**DIRECTIONS:**
Each line of the entries, from the first to the line containing "17.15 CTW Opal", is to be transcribed exactly as it stands; include no other lines.

**SUPPLIED DATA:**
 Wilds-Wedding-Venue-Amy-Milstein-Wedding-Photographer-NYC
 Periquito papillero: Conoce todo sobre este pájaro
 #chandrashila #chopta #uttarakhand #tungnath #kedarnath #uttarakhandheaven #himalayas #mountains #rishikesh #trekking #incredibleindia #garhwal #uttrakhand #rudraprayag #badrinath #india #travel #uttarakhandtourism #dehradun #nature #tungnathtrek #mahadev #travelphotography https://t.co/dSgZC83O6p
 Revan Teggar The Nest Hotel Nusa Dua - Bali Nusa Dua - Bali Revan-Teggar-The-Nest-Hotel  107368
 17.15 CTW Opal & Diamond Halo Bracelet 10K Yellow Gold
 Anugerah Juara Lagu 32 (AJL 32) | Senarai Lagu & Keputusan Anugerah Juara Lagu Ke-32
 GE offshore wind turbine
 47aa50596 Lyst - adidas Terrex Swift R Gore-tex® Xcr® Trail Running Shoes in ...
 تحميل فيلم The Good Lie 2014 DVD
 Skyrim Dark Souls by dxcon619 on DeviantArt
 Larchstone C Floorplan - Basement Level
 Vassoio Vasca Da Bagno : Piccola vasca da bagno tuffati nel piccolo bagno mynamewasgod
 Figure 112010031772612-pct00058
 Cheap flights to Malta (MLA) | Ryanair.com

**REPLY:**
 Wilds-Wedding-Venue-Amy-Milstein-Wedding-Photographer-NYC
 Periquito papillero: Conoce todo sobre este pájaro
 #chandrashila #chopta #uttarakhand #tungnath #kedarnath #uttarakhandheaven #himalayas #mountains #rishikesh #trekking #incredibleindia #garhwal #uttrakhand #rudraprayag #badrinath #india #travel #uttarakhandtourism #dehradun #nature #tungnathtrek #mahadev #travelphotography https://t.co/dSgZC83O6p
 Revan Teggar The Nest Hotel Nusa Dua - Bali Nusa Dua - Bali Revan-Teggar-The-Nest-Hotel  107368
 17.15 CTW Opal & Diamond Halo Bracelet 10K Yellow Gold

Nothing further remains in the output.